ESCANABA, Mich. (WLUC) – This weekend, a 40-year tradition came to an end.

The final Krusin Klassics Car Show and Swap Meet was held at the U.P. State Fairgrounds in Escanaba. This event has brought joy to many over the years, and the Krusin Klassics have given a lot back to Delta County.

Hundreds of vintage and modern cars filled the lawns at the fairgrounds on Saturday. Bob Lewis, a racer at the Escanaba Motor Speedway, brought his stock car.

“I got in a wreck last year, so we had to repair it with duct tape and cardboard,” Lewis said.

Mark Caswell, president of the Krusin Klassics for the last 10 years, has been working with the club since its inception in 1984.

“It just happened, ya know? I don’t think any of us really intended of riding it out this long,” Caswell said. “We get people from all over. Canada. Downstate. The Illinois. Indiana. Wisconsin. Minnesota.”

The swap meet takes place in front of the entrance of the speedway. It’s for buying, trading and selling whatever you’d like. Brian Closs has been attending the event since the 1980s. He sold a little, yellow Volkswagen radio to a customer Saturday morning.

“It’s a good little radio,” Closs said. “It was put in the bedroom. And it worked good. The headlights and everything, ya know? It was kind of a neat novelty.
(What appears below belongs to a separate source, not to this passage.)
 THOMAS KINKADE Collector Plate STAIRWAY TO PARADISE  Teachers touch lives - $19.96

But like everything else, it gets dusty, it’s in the way and the wife’s like, ‘You really need this?’ Throw it on the table for sale.”
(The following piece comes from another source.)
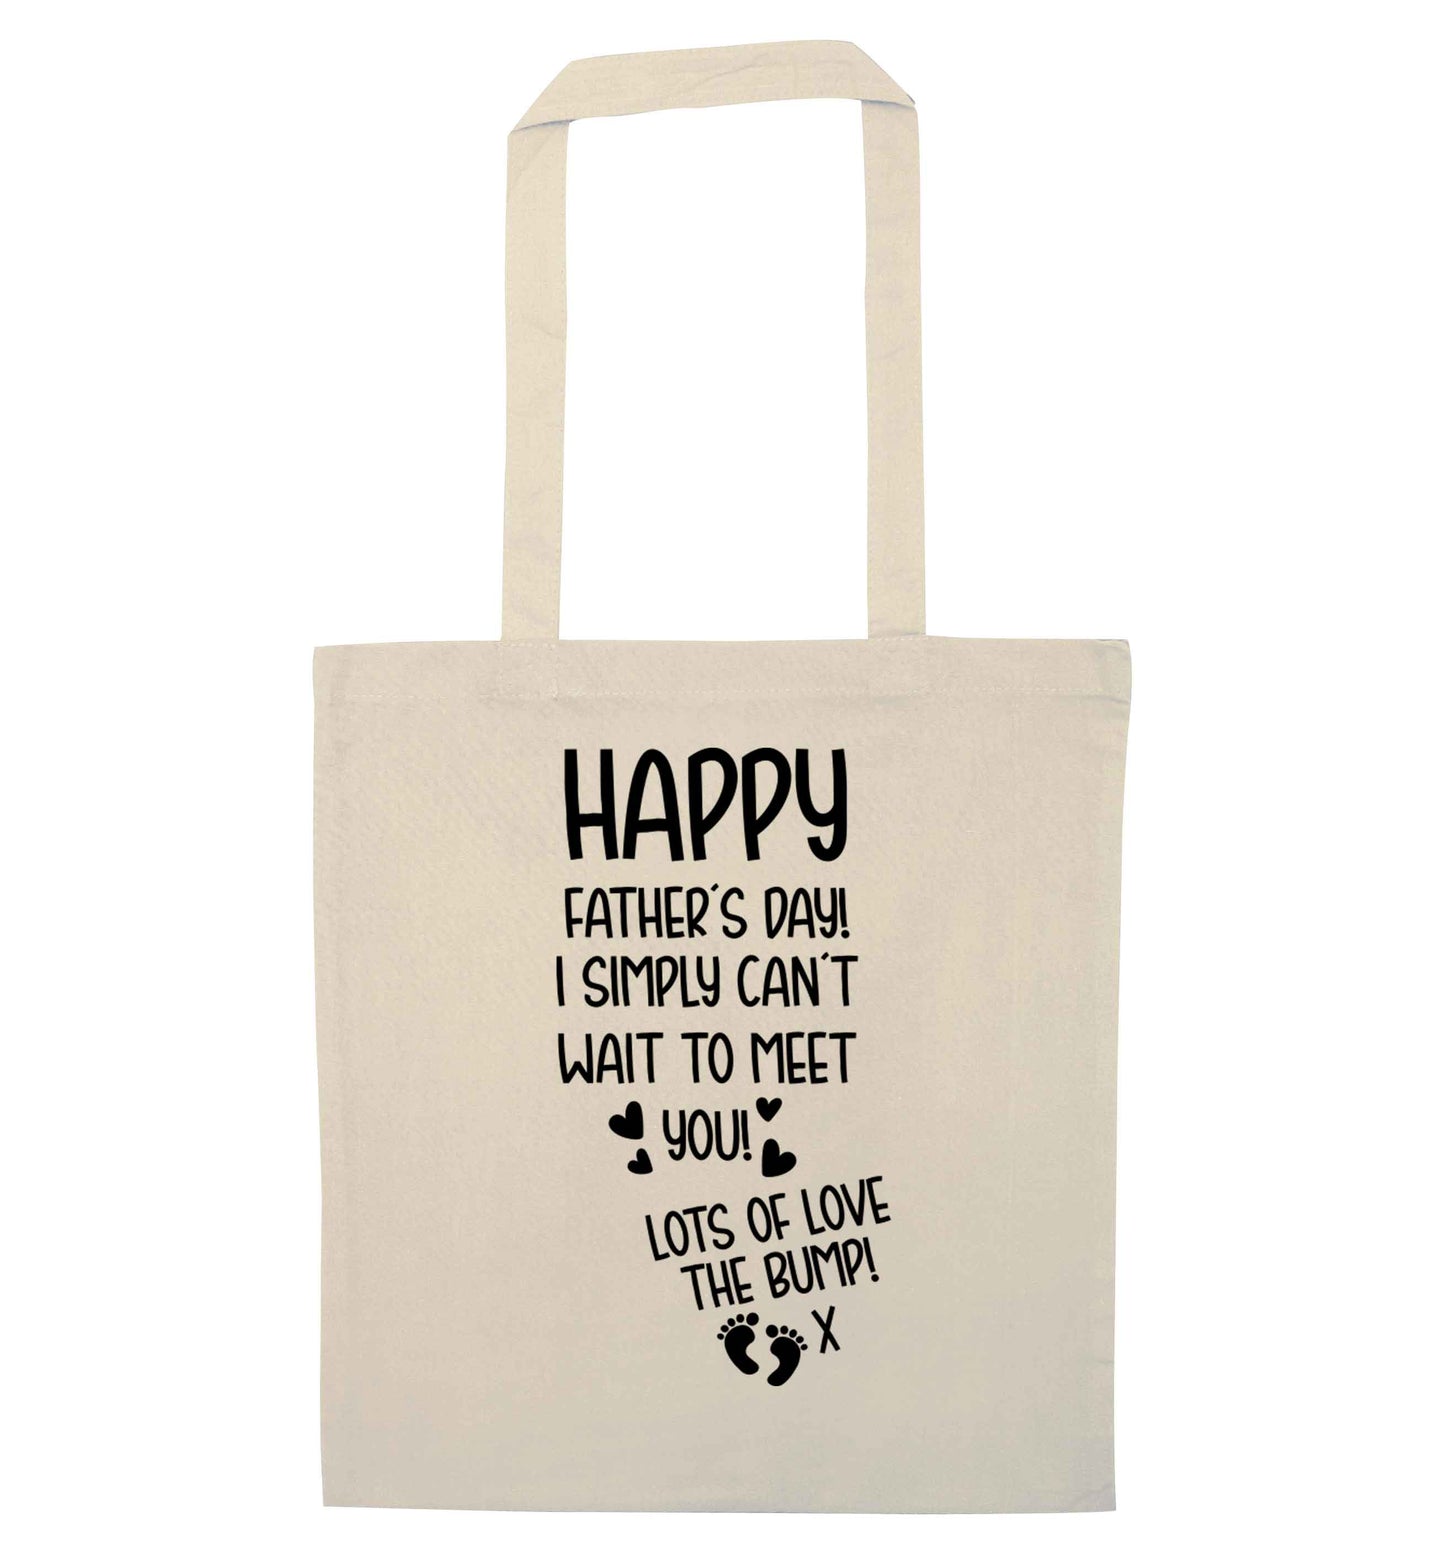 Happy Father's day daddy I can't wait to meet you lot's of love the bump! natural tote bag

This car show and sweep meet has always been a fun weekend. But it’s also been a fundraiser. Caswell says the Krusin Klassics have raised around $750,000 over the last 40 years. That money has gone right back into Delta County.
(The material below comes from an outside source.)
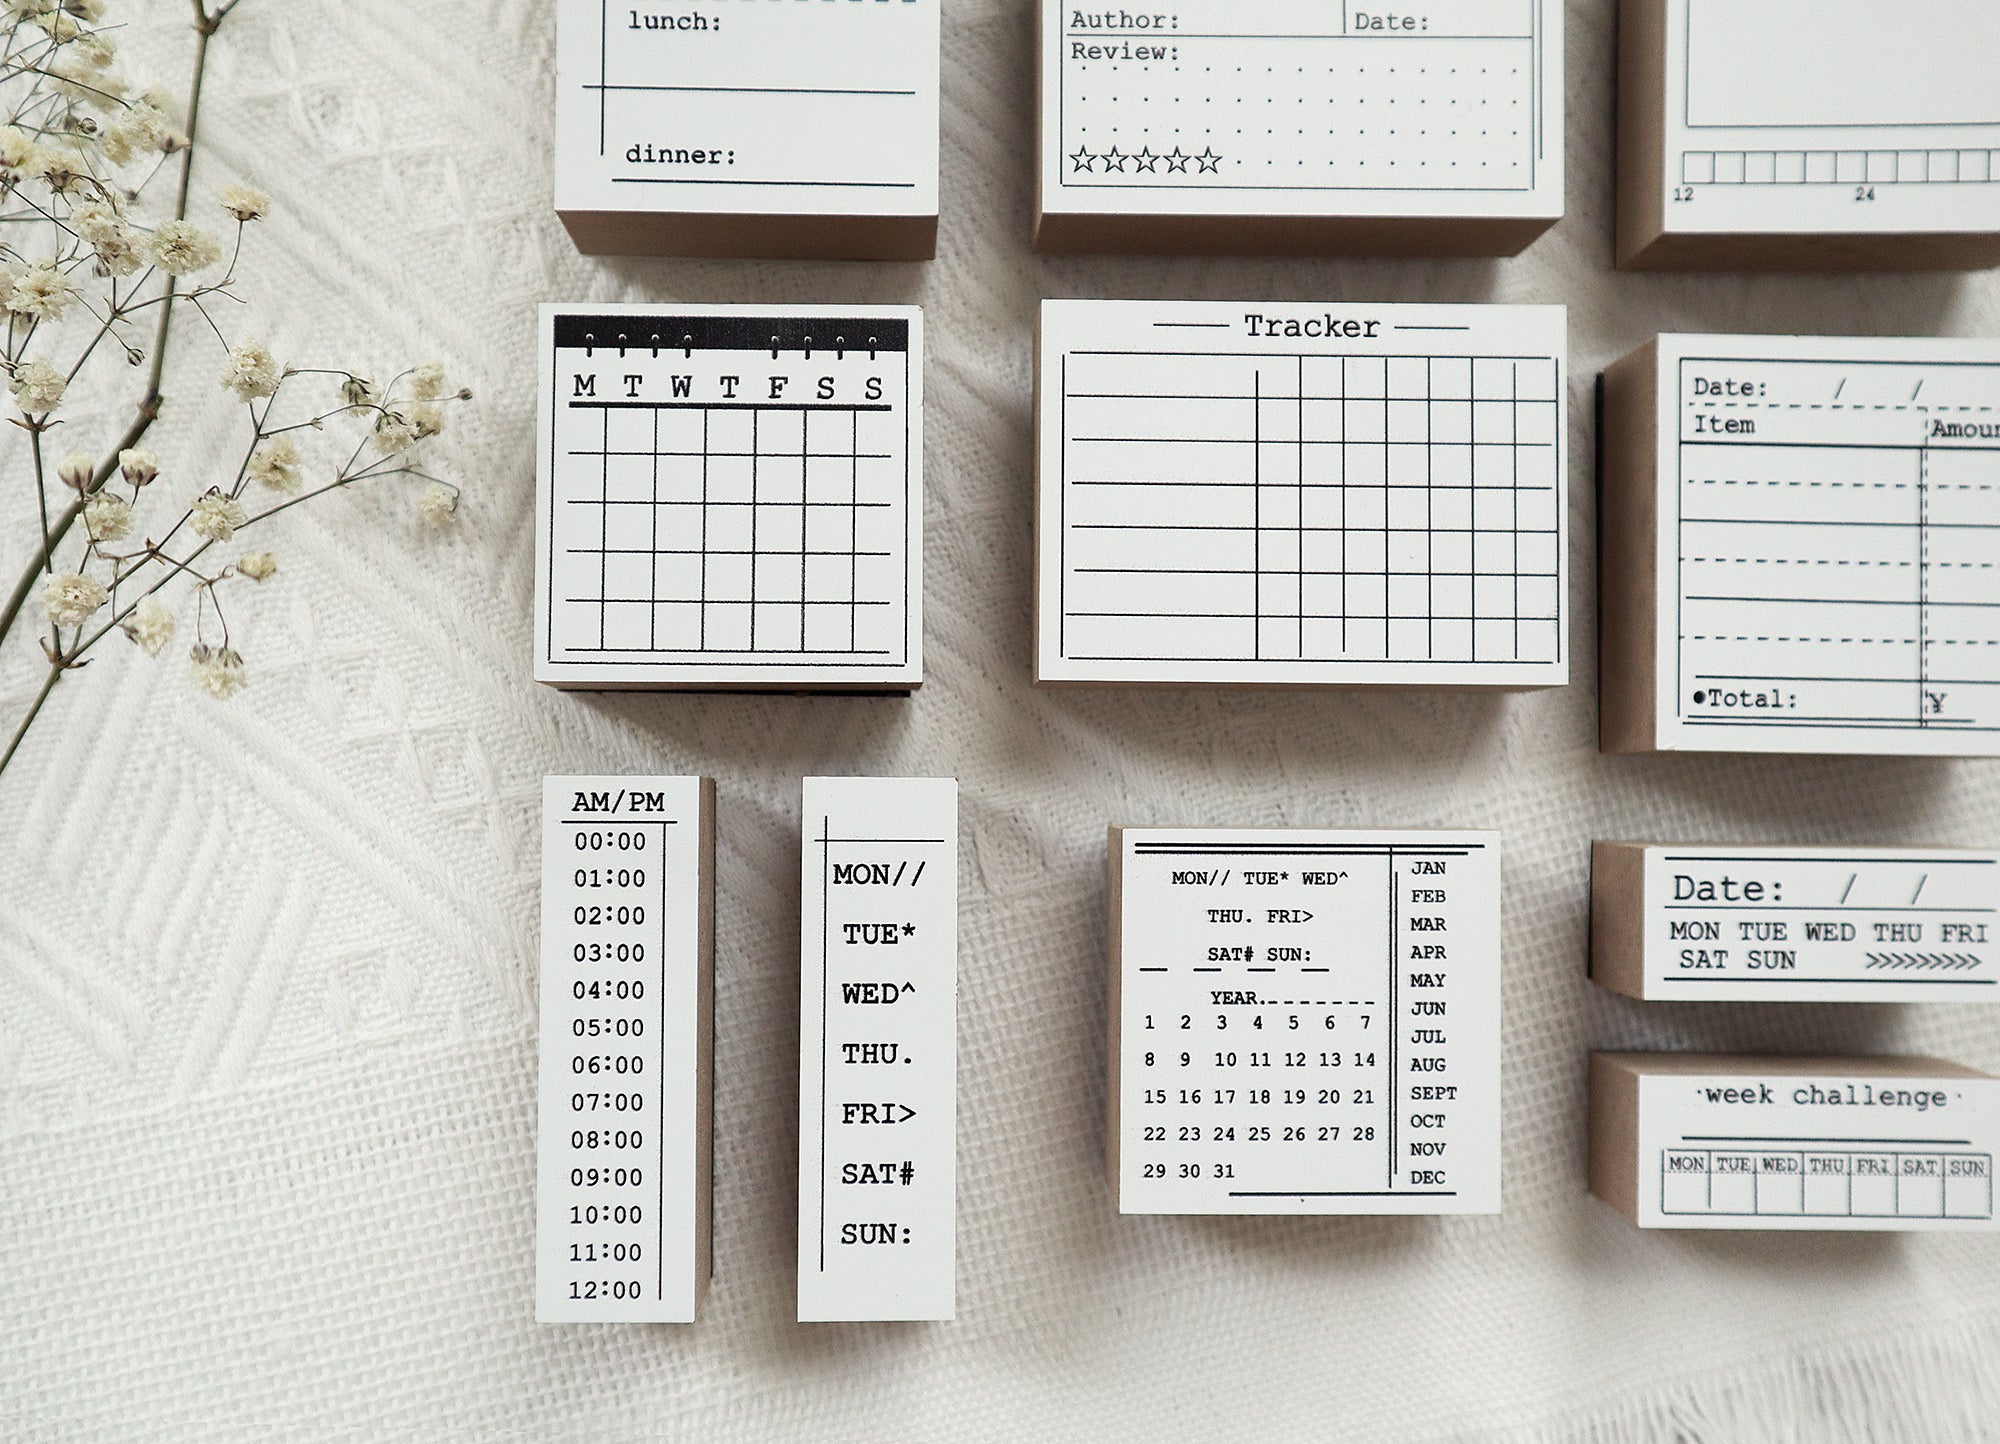 7ULY Rubber Stamp: Calendar – Papergame

“Walk For Warmth. Goodwill. Scholarships at Bay College. Auto-related of course,” Caswell said. “Any organization or family fires and stuff like that, wherever we can help out, we do.”

The Escanaba Downtown Development Authority will take over the show next year. Everything will take place on Ludington Street. Caswell says the work is getting harder as the original club members get older.

“The original inception of this was a handful of guys in Coin Chevy’s garage talking about doing something like this in 1984,” Caswell said. “We weren’t doing this to make money. We were doing this because the love of, our local love of cars, to expand upon everybody else’s too. And it’s worked out really well.”

The cruise will look a little different next year. But there will still be lots of cars to love.